Magic dice question.

Question

A pair of dice are magic. When they are rolled together, then half the time, they behave like a normal pair of dice, but the other half of the time they miraculously roll a double ( equally likely to be any of the six possible doubles). What is the expected value of the product of the two scores when the pair of dice are rolled?

Answer 1

HINT

There are 2 cases, on average with equal weight:

1. Magic happens: then there are 6 outcomes with equal probability, can you compute the expected value for this case?
2. No magic happens: then you have regular dice, can you compute the expected value for this case?
3. Average the expectations for (1) and (2).

Answer 2

Think of the sample space as $(M,n,m)$ where $M=0$ if the dice behave normally and $M=1$ otherwise. $n,m \in \{1,...,6\}$. $M, n,m $ are independent and uniformly distributed as appropriate. Hence $P[(M,n,m) ] = {1 \over 2 \cdot 6^2}$.

Define $f(M,n,m) = \begin{cases} nm,& M=0 \\ n^2, & M=1\end{cases}$.

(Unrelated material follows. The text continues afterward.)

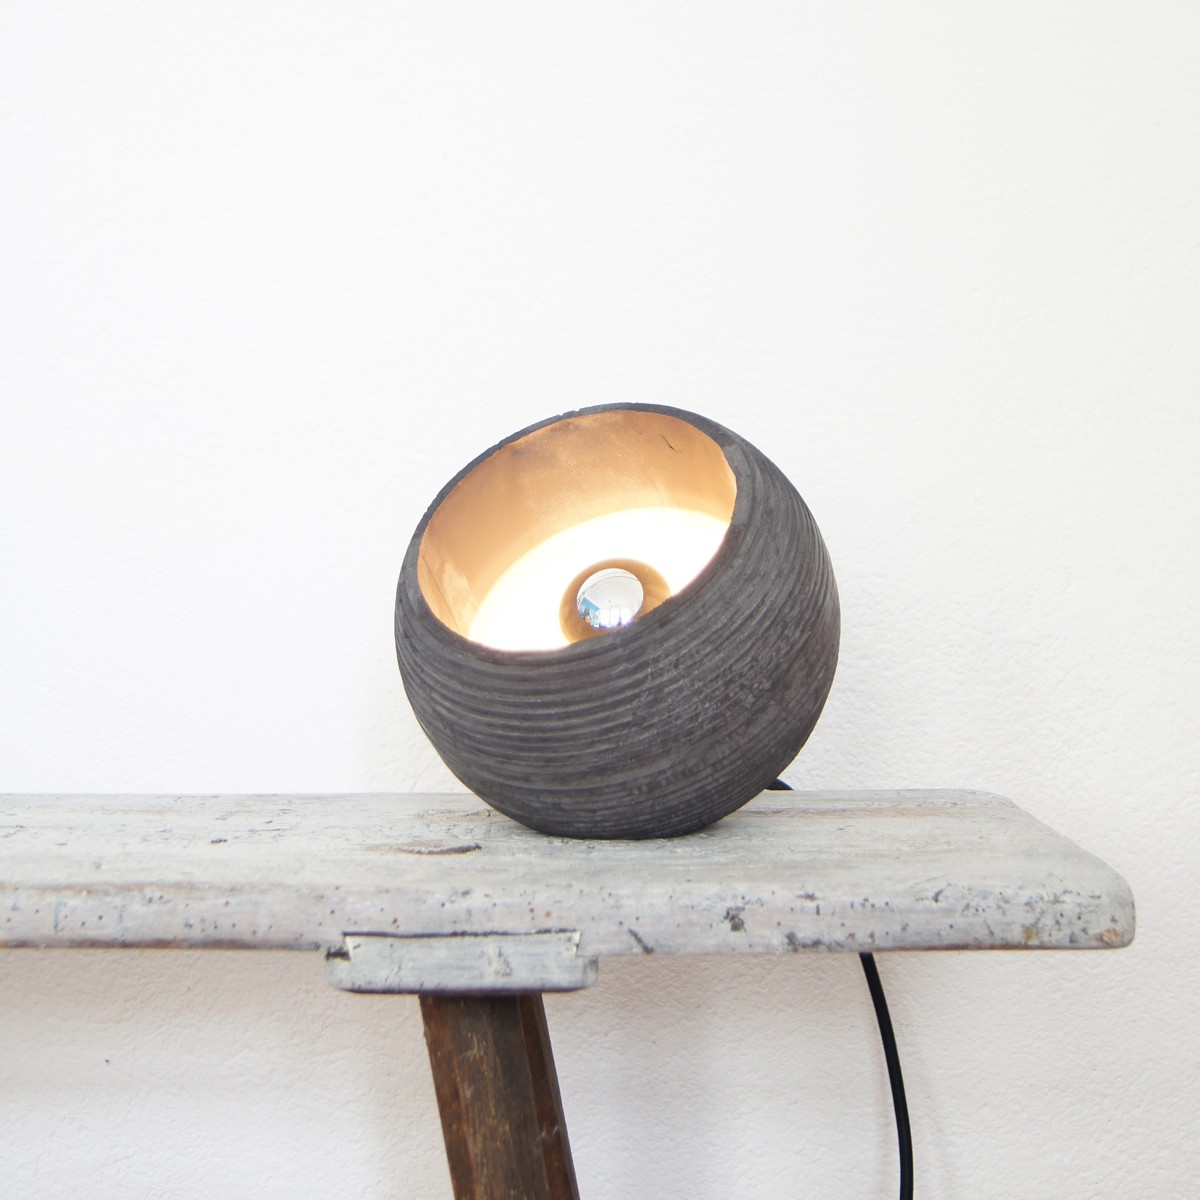 nminus1 beton stehlampe tischlampe in verschiedenen farben. Black Bedroom Furniture Sets. Home Design Ideas
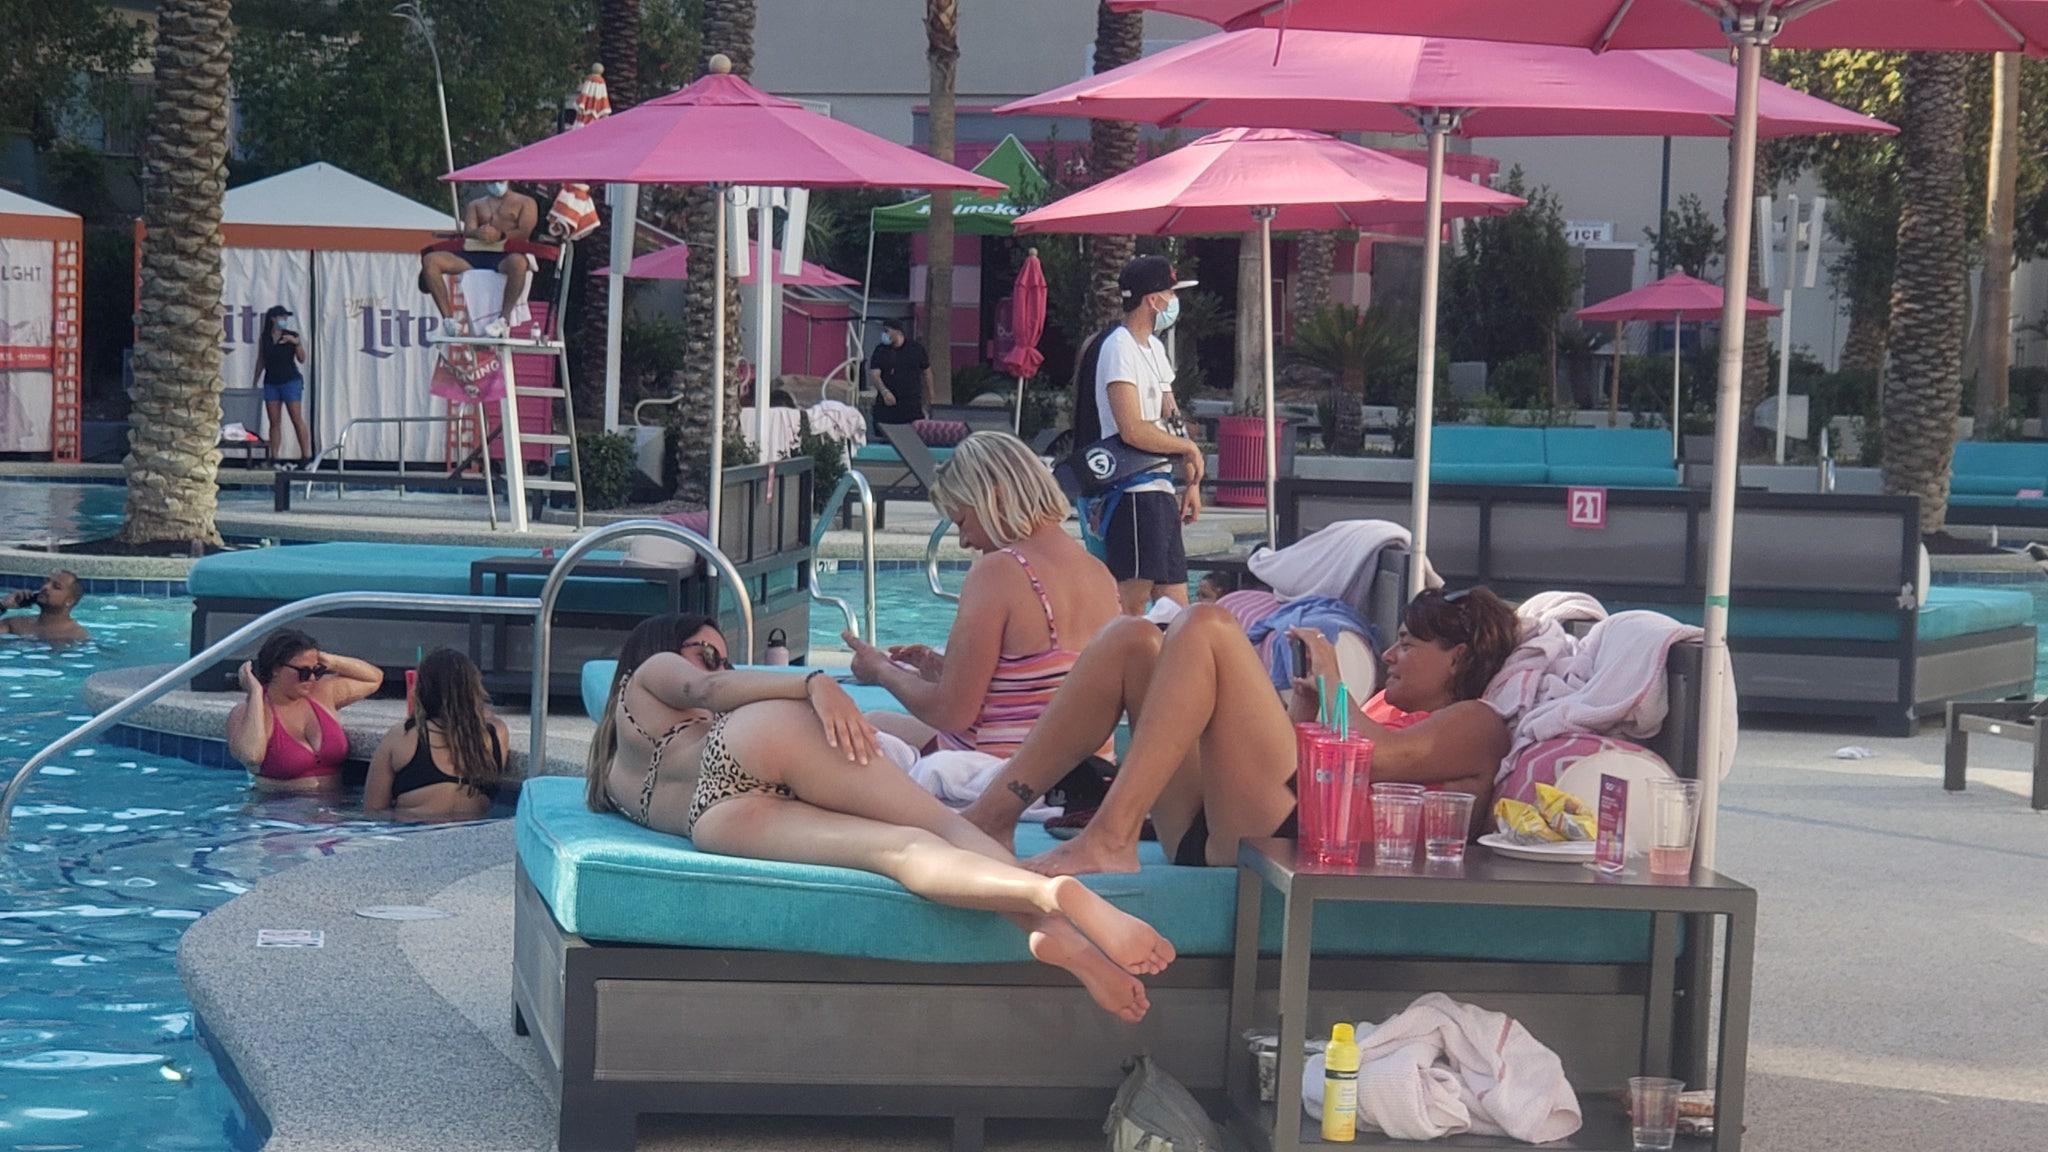 Las Vegas Reopening First Pool Party at Flamingo Face Masks & Bikinis All Around!!!

Then $E[f] = {1 \over 2 \cdot 6^2} (\sum_n \sum_m nm + 6 \sum_n n^2) = {1 \over 2 \cdot 6^2} ((\sum_n n)^2 + 6 \sum_n n^2) = {329 \over 24} \approx 13.708$.

Answer 3

The easiest way to calculate the 36 cross sums (1/2) the problem is to note that

$$(1 + 2 + 3 + 4 + 5 + 6) \times (1 + 2 + 3 + 4 + 5 + 6) = 441.$$

Therefore, 1/2 of the time, the expected product is

$$\frac{441}{36}.$$

$$1^2 + 2^2 + 3^2 + 4^2 + 5^2 + 6^2 = 91.$$

Therefore, 1/2 of the time, the expected product is

$$\frac{91}{6} = \frac{546}{36}.$$

$$\left(\frac{1}{2}\right) \times \left(\frac{441}{36} + \frac{546}{36}\right) ~=~ \frac{987}{72} ~\approx~ 13.708.$$